IS THE SYMPHONY VIABLE TO-DAY?
by

Humphrey Searle (1968)

Many people have proclaimed the death of the symphony, and yet it obstinately survives. It is true that not many composers are now trying to write the big nineteenth-century type of symphony, and others rather beg the question by calling their works “Sinfonia”, “Symphonies” or something of the sort, but there are still enough composers who are willing to tackle the form in one way or another, including progressive figures like Lutoslawski - not to mention Shostakovich. Berio has described his Sinfonia as “music sounding together”, and this is really all that a symphony means in essence-a fairly extended work for large orchestra, though Webern’s symphony is very short and written for a chamber group. So a symphony is really what a composer makes it, and there is no need to follow the nineteenth century tradition and fill up a predetermined form: as Alan Rawsthorne pointed out, “forms in music differ from those supplied by H.M. Inspector of Taxes: they are not there to be filled in”. And Stockhausen in a recent BBC interview defined the “three basic qualities of musical formation: the lyrical, which is the instant, the here and now: the dramatic, which is development, with precise beginning and ending, climaxes, high points and low points: and epic, which is the juxtaposition of different moments, as in a variation form or the traditional form of the suite”.

The romantic symphony inclined to what Stockhausen calls the dramatic form, but a good deal of modern music is epic in character-not of course meaning heroic. Hence the rather static character of many modern works, which is emphasised even more in those works which consist of a number of short fragments which can be played in any order-no question of a progress from darkness to light here! But the pre-nineteenth century symphony was more epic in character: Mozart conceived a symphony in its full form at one moment of time, and a modern composer can learn from this.

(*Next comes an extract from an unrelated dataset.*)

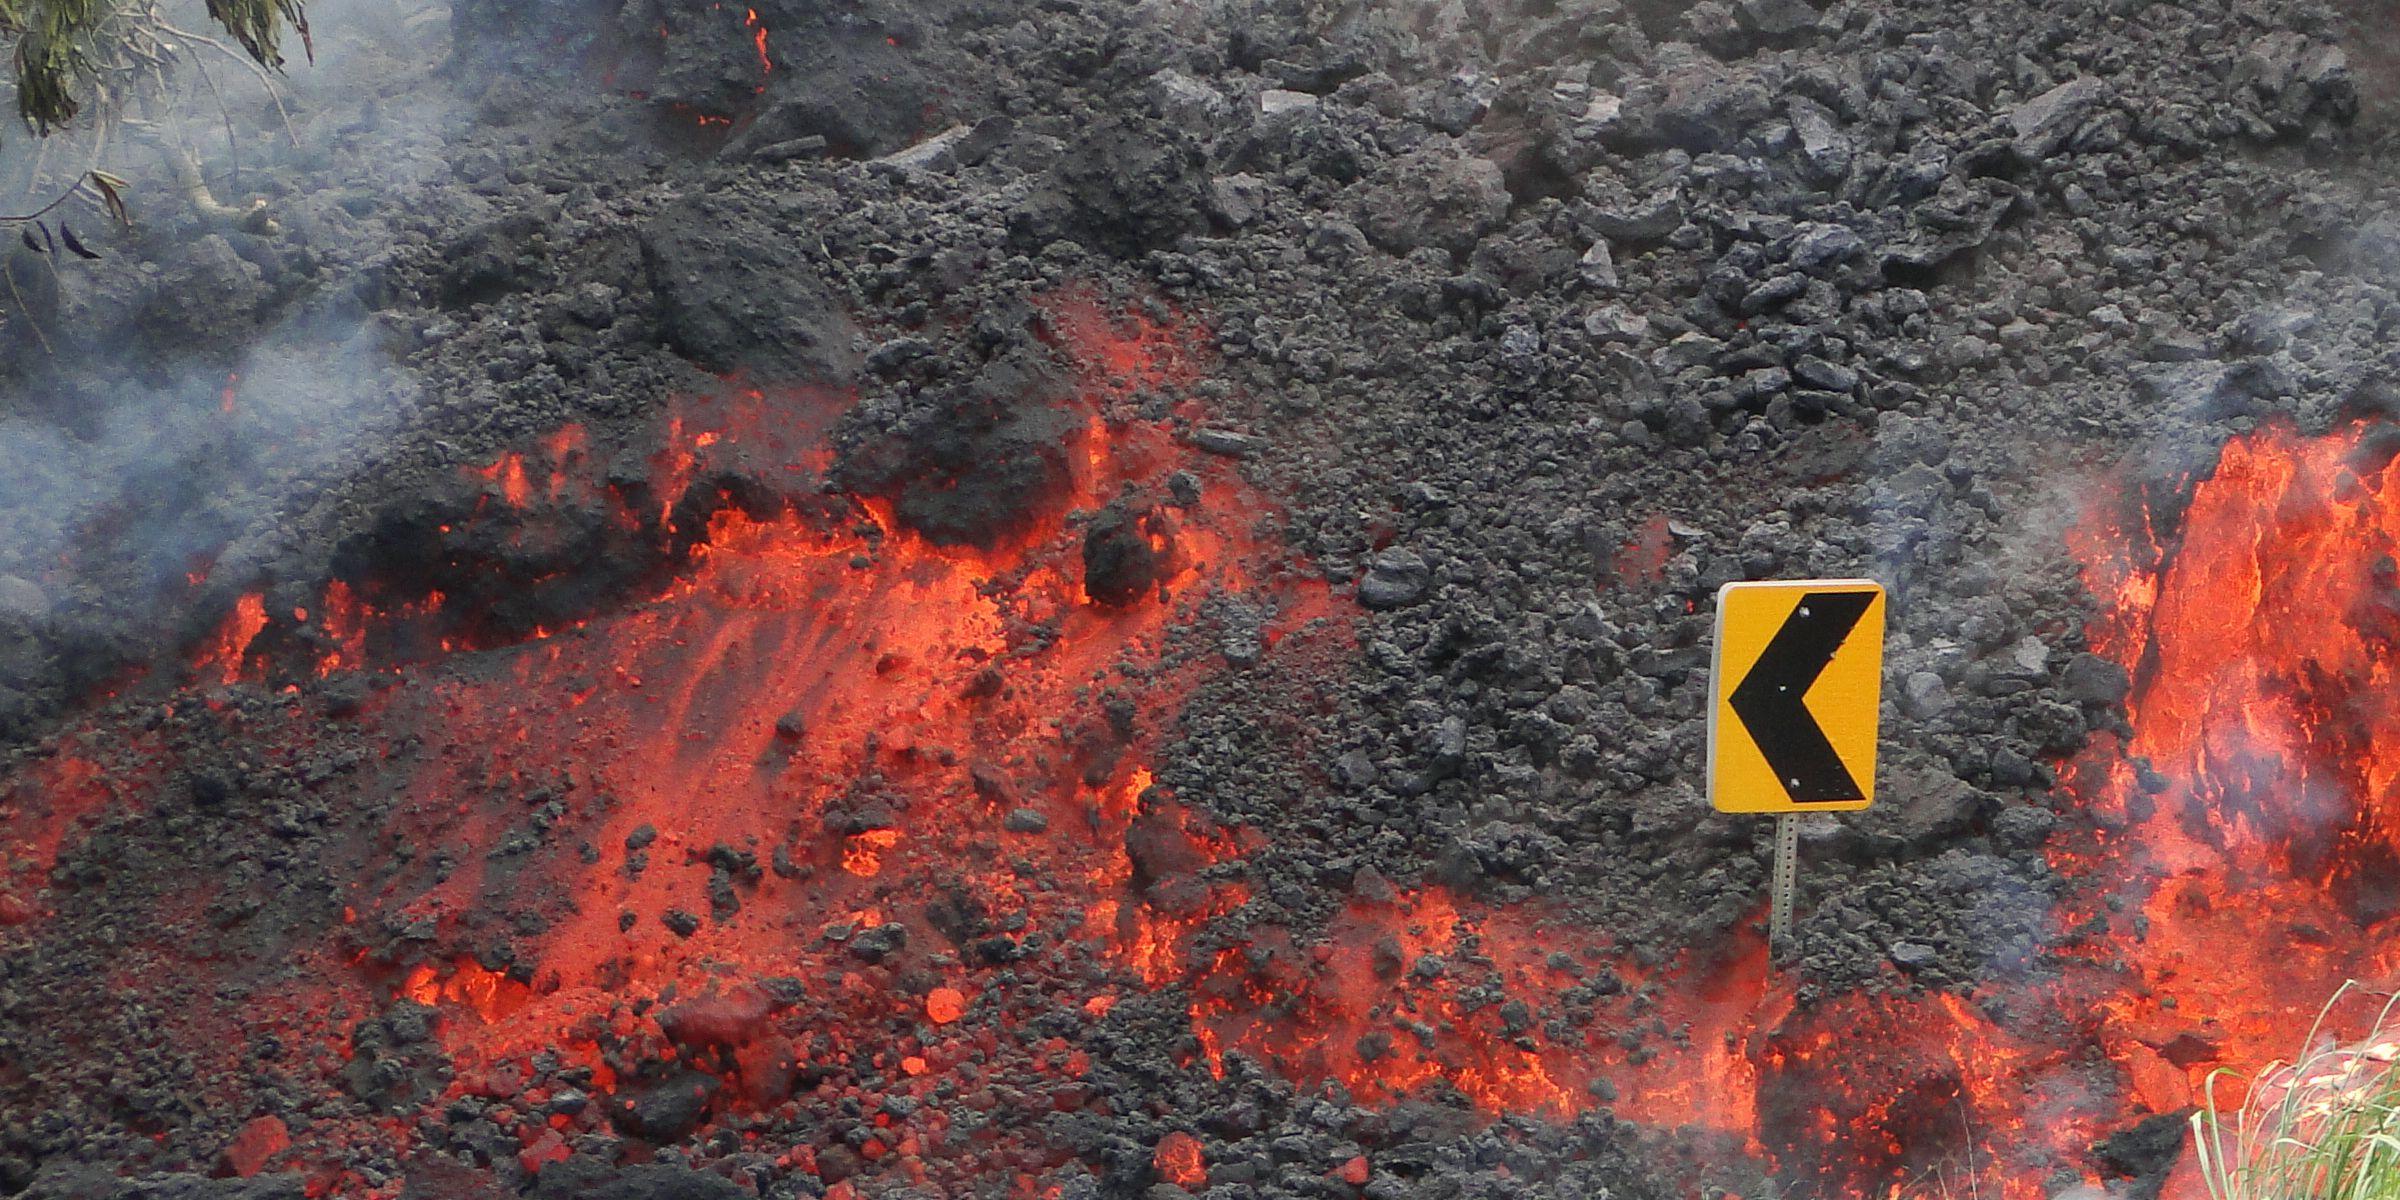 Threat level at Kilauea lowered again, signaling the end of an eruptive era

Personally I think it is very difficult to construct a symphony without themes of some kind-though Roberto Gerhard almost managed to do this in some of his later symphonies. Nevertheless a work like his Concerto for Orchestra has some definite thematic material which returns from time to time, even if it is not always easy to recognise it, and younger composers like Maxwell Davies seem to think in much the same terms and reject athematism as such. When Hermann Scherchen asked me to write an orchestral work for him in 1953 there were very few twelve-note symphonies and I had to rely to some extent on classical models. I know that the classical symphony is based on contrasts of key which cannot apply to twelve-note music, but Schoenberg used classical forms even in big works like the wind quintet, and there is no reason why one should not use them if one wants to. Actually my first symphony is the only one in which I used classical forms fairly consistently: the four classical movements-allegro in sonata form, adagio in ABA form, fugal intermezzo and rondo finale - are flanked by a slow introduction and a slow coda, and some of the thematic material is common to all the movements-the whole work is played without a break.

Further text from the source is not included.